Marc Blitzstein: His Life, His Work, His World
by Howard Pollack [Oxford University Press]
By Mark Zuckerman
New Music Connoisseur, Fall/Winter 2012, v. 20 #2, pp. 16-17
Perhaps the greatest irony for American composer Marc Blitzstein (1905-1964) - in a life and career
laden with ironies - is that his greatest critical and monetary success came not from any of his many
substantial original works, but from his Off-Broadway adaptation of the 1929 Die Dreigroschenoper by German dramatist Bertolt Brecht and composer Kurt Weill. Indeed, The Threepenny Opera, which premiered in 1954,
had many times more performances and generated many times more royalties
for Blitzstein than all of his other works combined. Even though the underlying work
is not his own, Blitzstein's contribution to The Threepenny Opera exhibits
qualities that distinguish his catalog of original work for the stage, comprising most of his surviving
output: facility with language, fluency in a multitude of musical idioms,
mastery of dramatic structure, and proclivity for social commentary.

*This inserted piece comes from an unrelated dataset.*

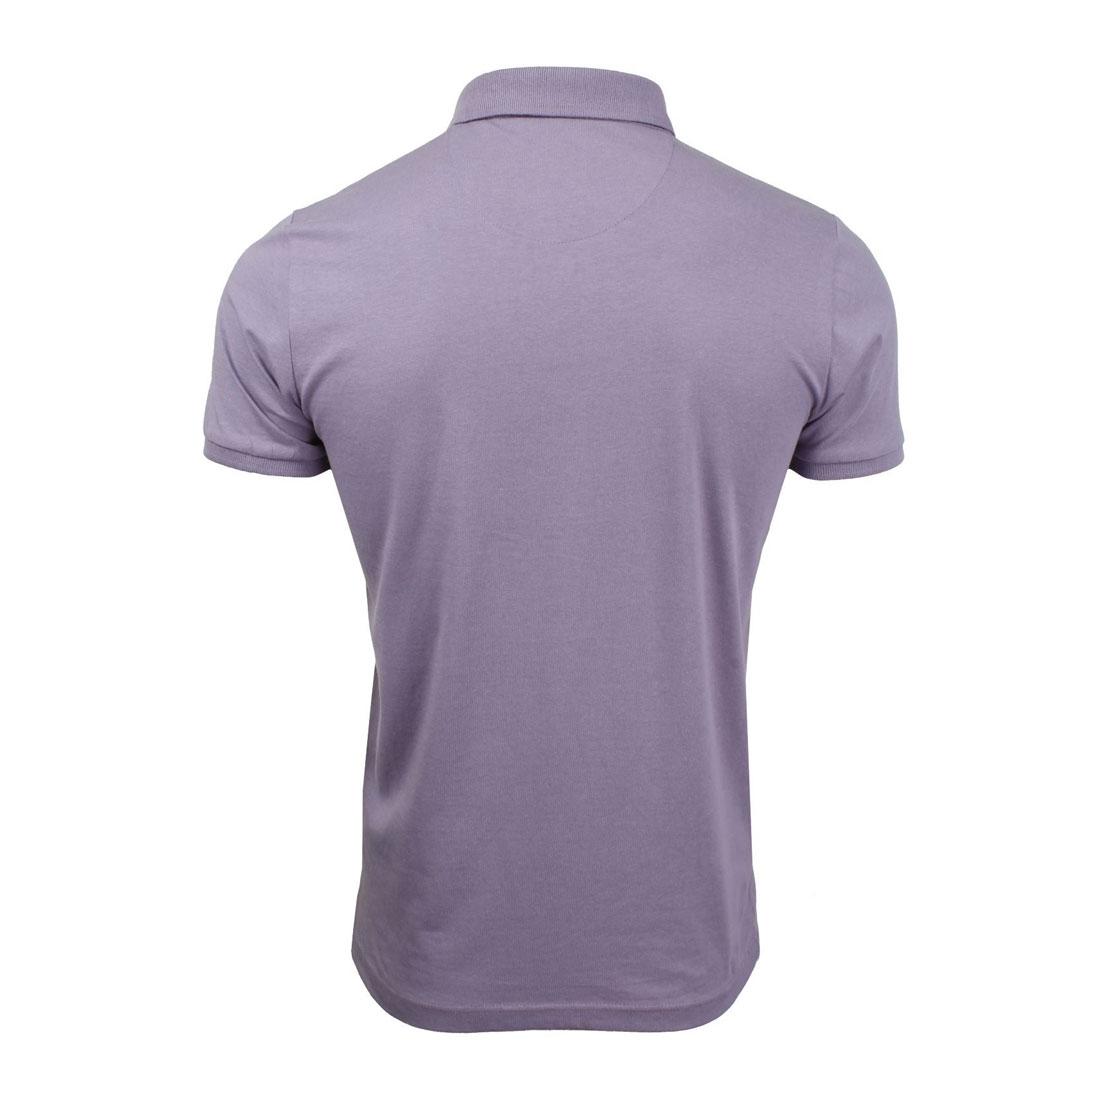 Brave-Soul-Hommes-Polo-T-Shirt-034-Julius-039-S-Coton-A-Col-Manches-Courtes-Haut-Decontracte miniature 10

Blitzstein was a piano prodigy in a Jewish Philadelphia family with a father devoted to
left-wing causes and a mother with family ties to the Yiddish theater, heritages that
informed his composition. In his home town, he attended the University of
Pennsylvania and the Curtis Institute of Music and went abroad to study (albeit briefly)with both
Nadia Boulanger and Arnold Schoenberg. He proved gifted and creative at
languages, especially his own; in addition to his singable American translations of
foreign language songs, he wrote most of the words he set to music. His music
demonstrates considerable versatility equally adept and effective in both cabaret and art song and in
both popular musical theater and grand opera.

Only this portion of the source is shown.